My fellow book club members were also not fans of PROZAC NATION, and we decided we're done with that reading list. We haven't finalized our new system for choosing books, but the first member pick is THE HATE U GIVE:
→ THE HATE U GIVE by Angie Thomas: Starr was best friends with Khalil when they were younger, but she's lost touch with him now that she attends a private school where she and her brothers are among the few Black students. Starr is happy to run into Khalil at a party, then concerned by the signs that he's dealing drugs and may have joined one of the gangs that control the neighborhood. Before she has a chance to find out, a white cop shoots Khalil during a traffic stop, and Starr watches him die. As a witness to this horrific tragedy, Starr's testimony might be able to win justice for Khalil, but she also fears the attention if her identity as the witness becomes widely known. So at school, far from her neighborhood, she doesn't let on that she even knew the victim of this latest police shooting, and she has to remain silent as people talk about Khalil as a thug who got what he deserved.
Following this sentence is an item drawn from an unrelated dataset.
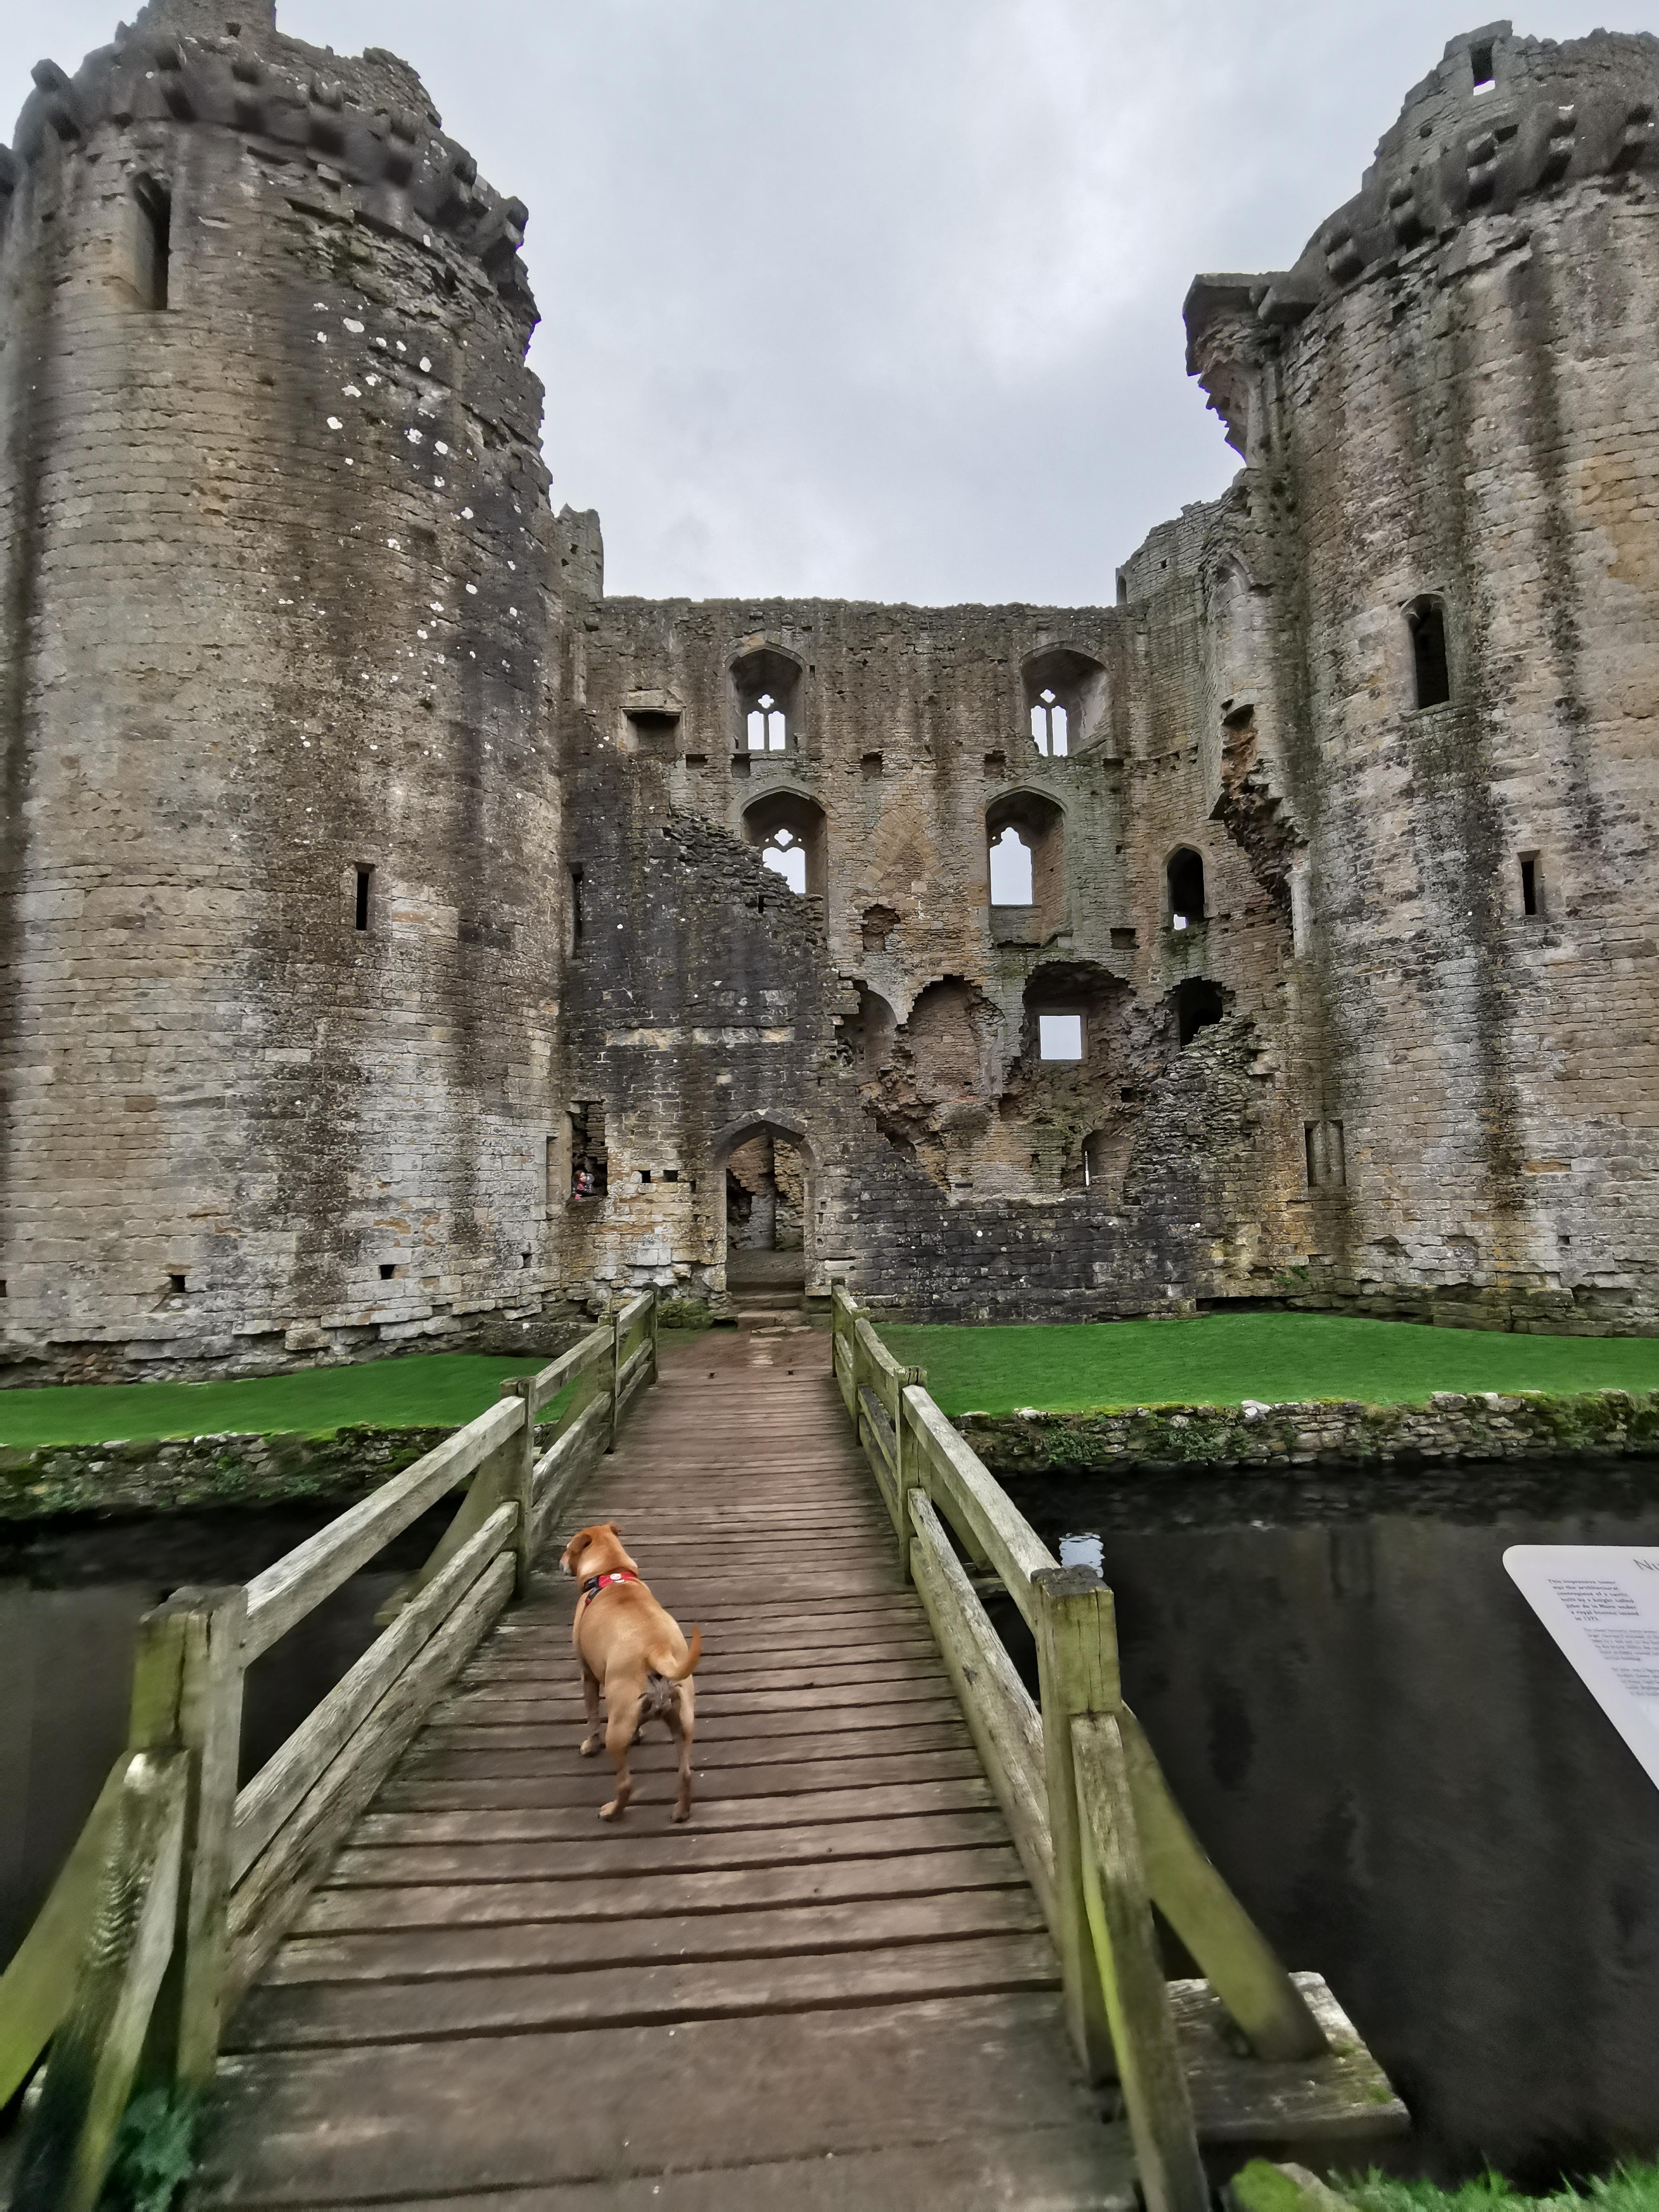 Dog-friendly Nunney Castle

The characters come to life right away in this novel, between Starr's narration that's imbued with her personality, the dialogue that captures the way real people talk, and everyone's well developed backstory. There are also realistic complexities in Starr's life that mean she doesn't always know how to feel. For example, she hates the officer who shot Khalil but hesitates over blanket anti-police slogans because her beloved uncle is also a cop. At times I felt things were a little too spelled out for the reader, which might be appropriate for the young adult audience, but overall I found this an engrossing and powerful story.
Good Stuff Out There:
→ At Literary Hub, Lauryn Chamberlain calculates the exponential difficulty of juggling many narrative voices: "As I started drafting, I embarked on my familiar exercise: writing a pivotal scene—a group ski trip gone wrong—from each of their four POVs, even as I knew the ultimate perspective I wanted to tell it from. Who knew what? Who would perceive which slights in this interaction, whose secrets would be revealed? And then I realized: Because all four characters are—or had been, at least—close friends, I wasn't simply handling four different views of the world. I was handling somewhere between six and twelve different relationships."